Only one stretch of the material below is wanted: everything from the line containing "Inspired by Man's" down to the line containing "Acrylic on canvas. Image 18", both ends included. Repeat it exactly and skip the pictures.

═════ SUPPLIED MATERIAL ═════

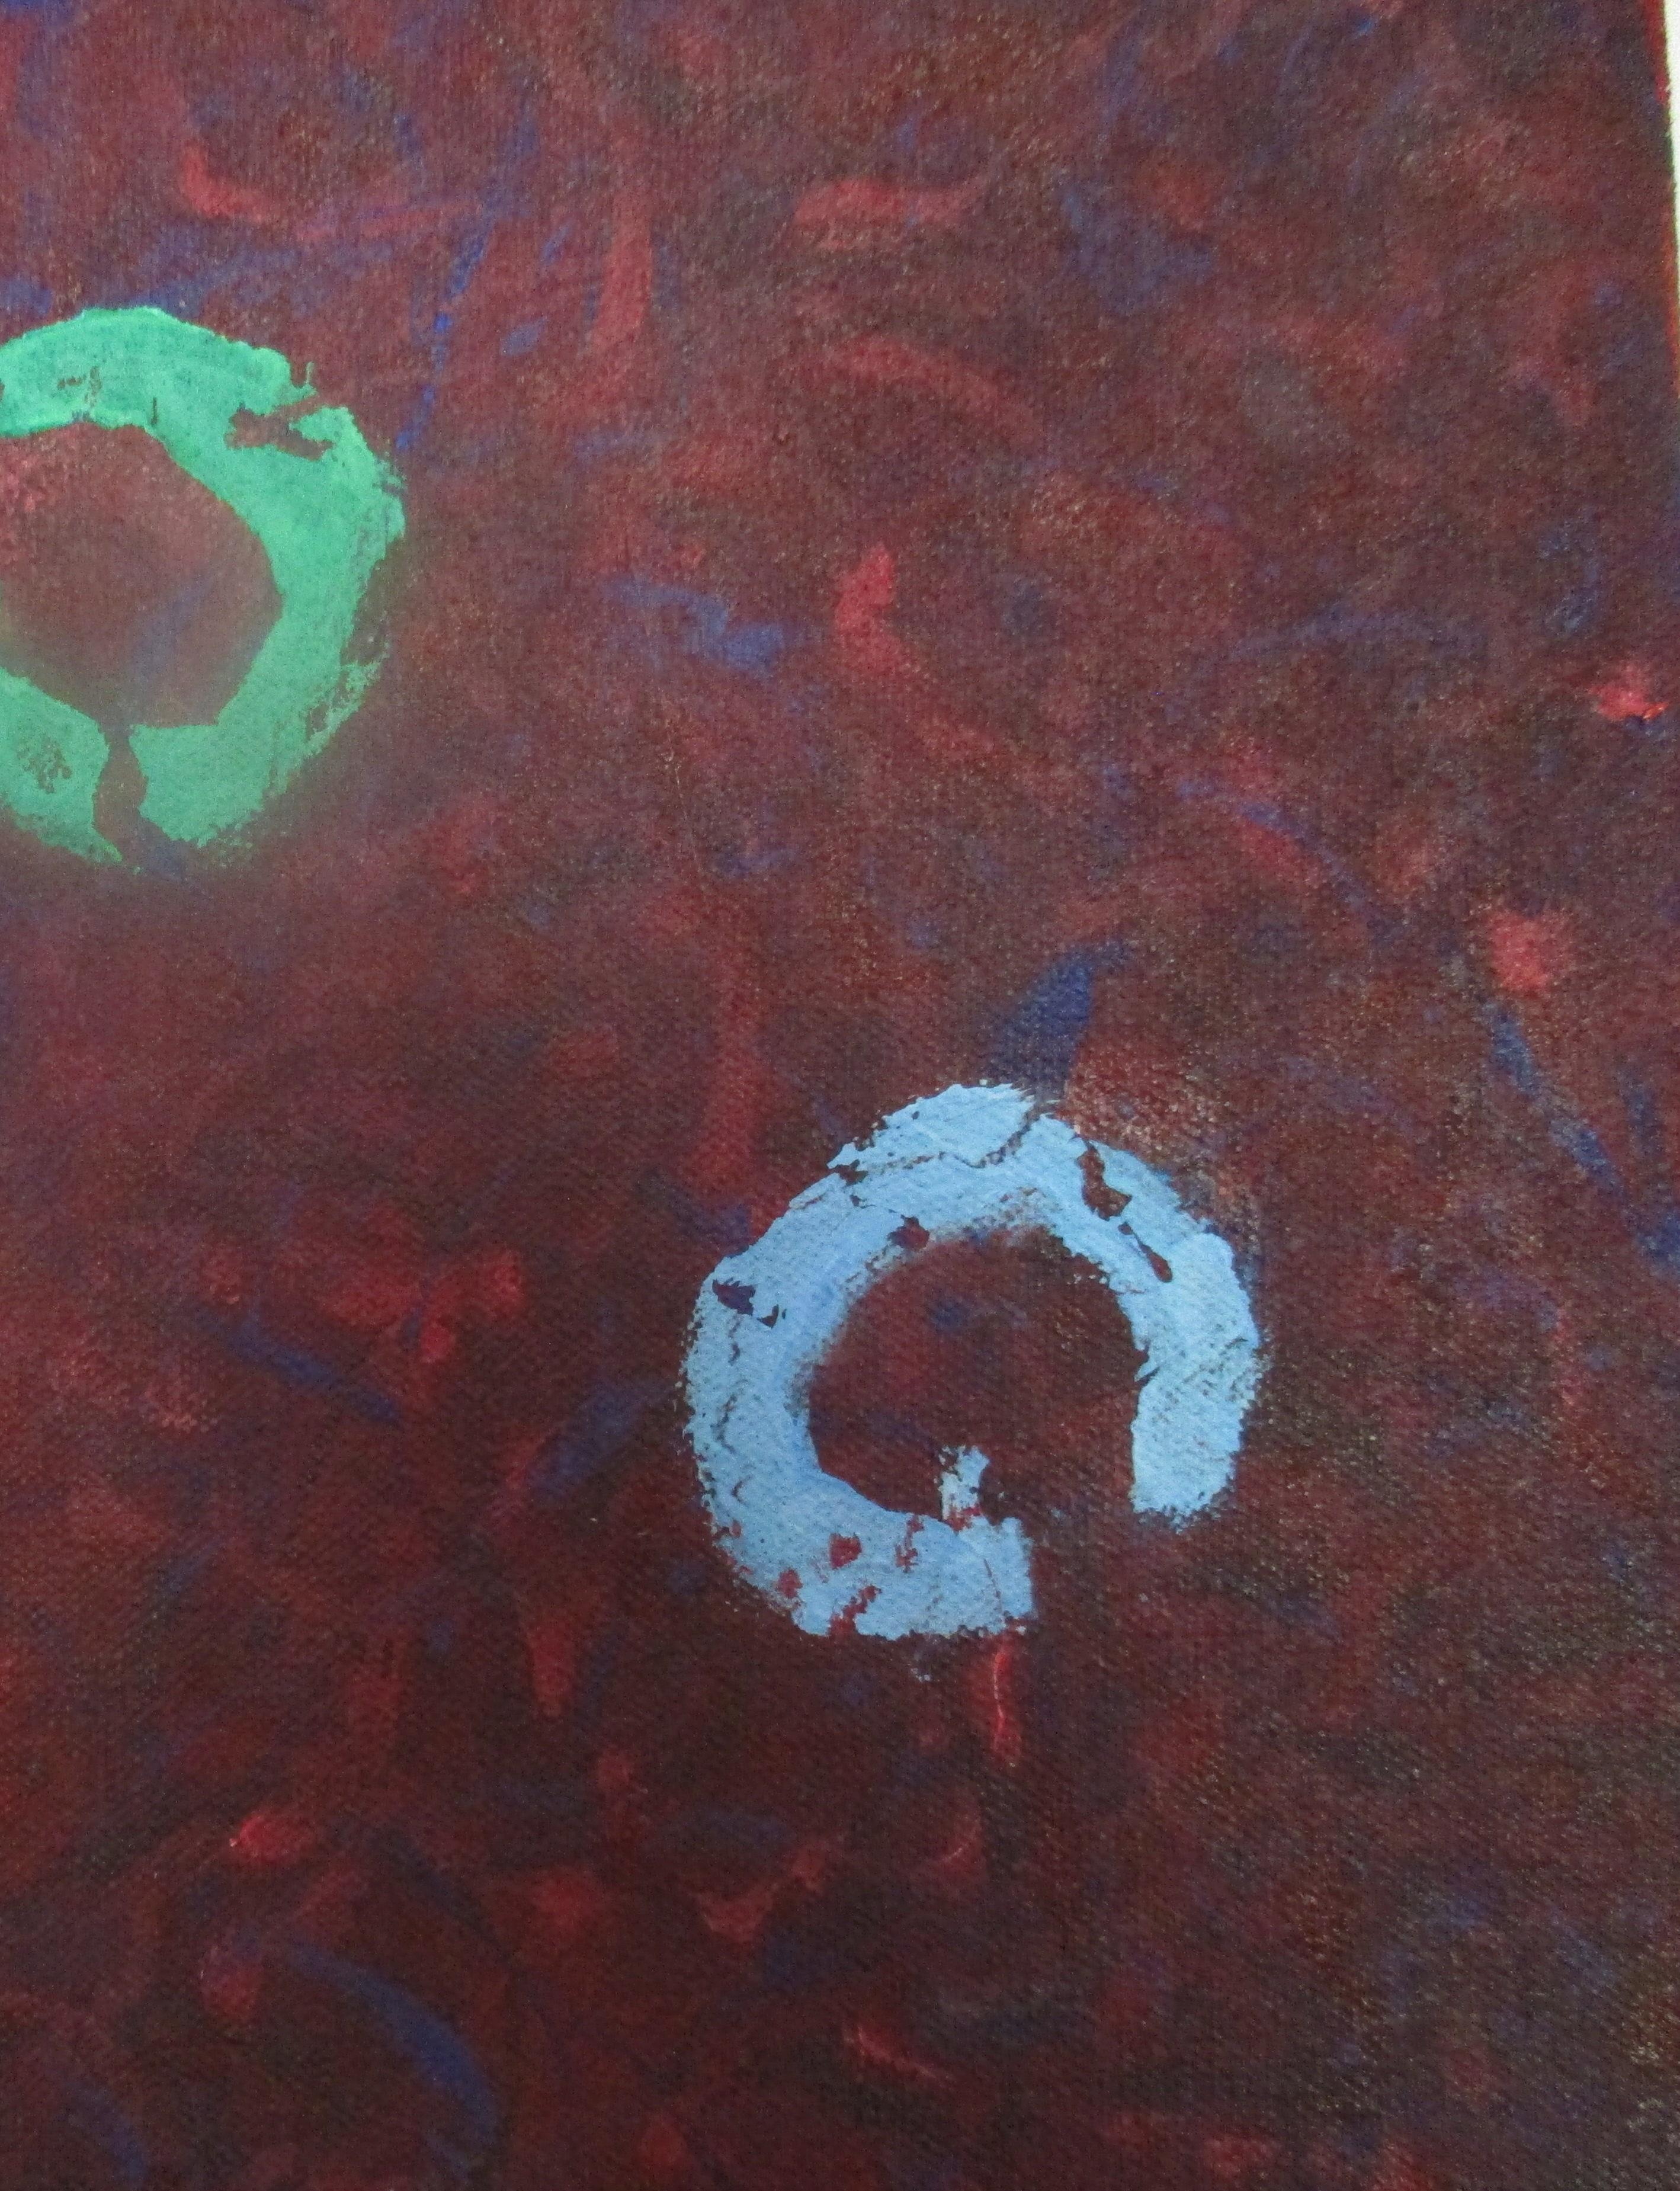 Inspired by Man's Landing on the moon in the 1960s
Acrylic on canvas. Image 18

═════
═════ SUPPLIED MATERIAL ═════

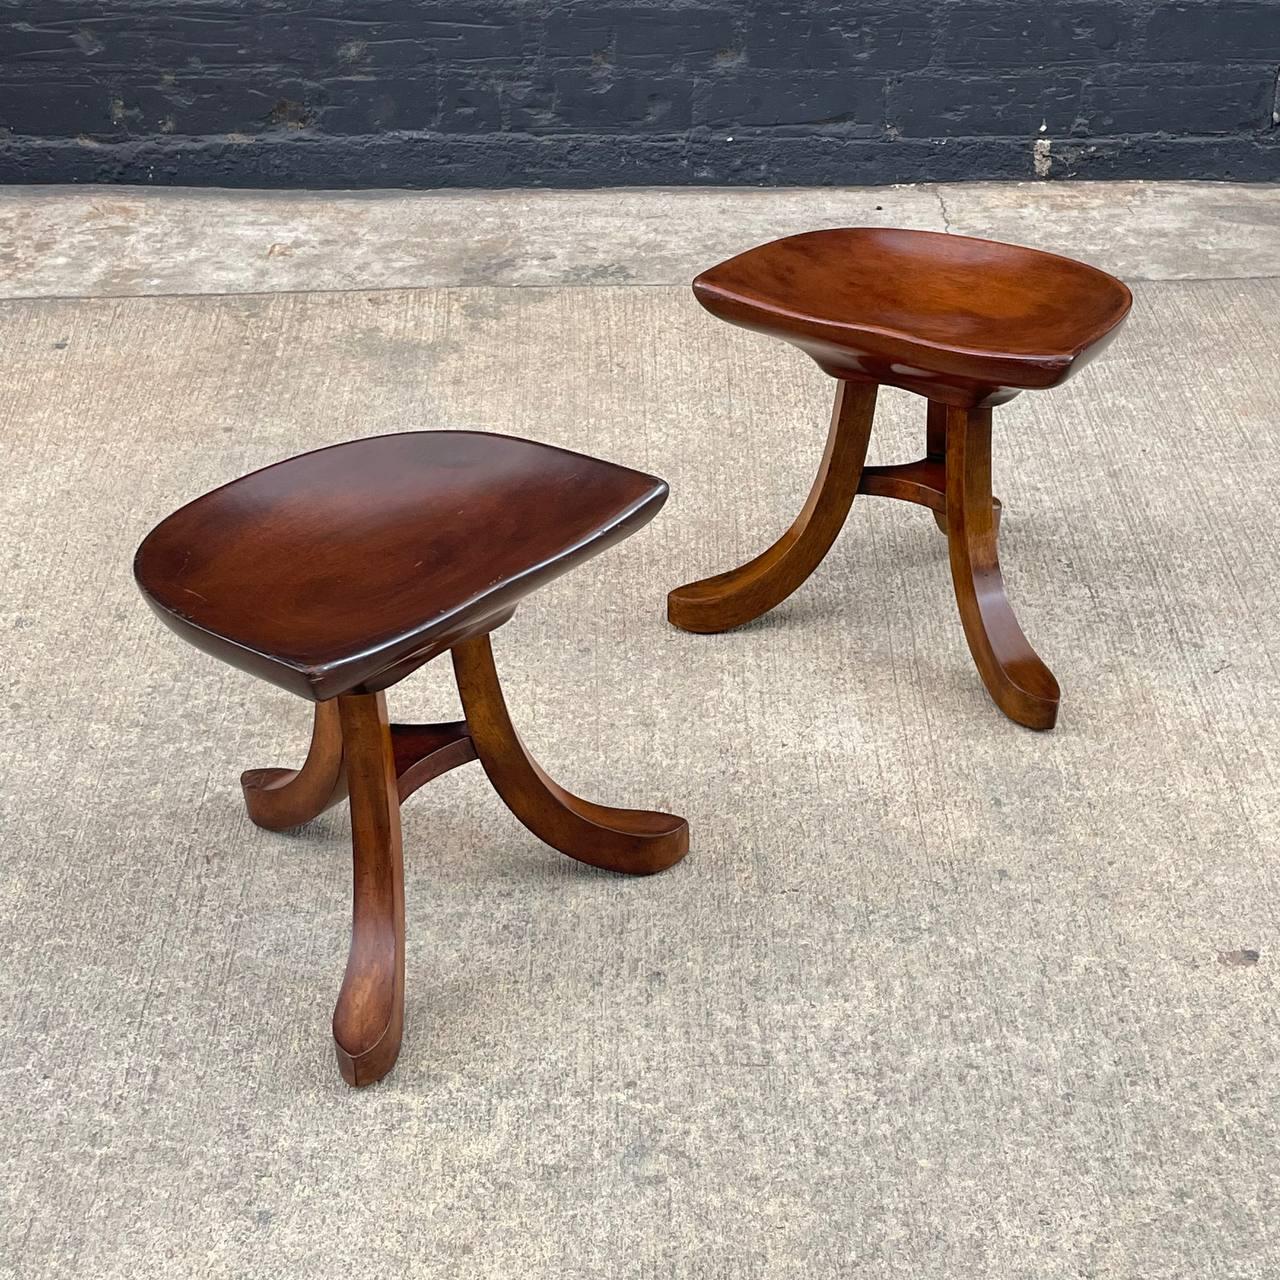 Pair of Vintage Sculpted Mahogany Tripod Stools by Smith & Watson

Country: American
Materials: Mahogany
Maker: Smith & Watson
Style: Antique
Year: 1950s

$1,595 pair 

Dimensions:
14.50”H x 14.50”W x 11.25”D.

═════

• TASK RESPONSE:
 Inspired by Man's Landing on the moon in the 1960s
Acrylic on canvas. Image 18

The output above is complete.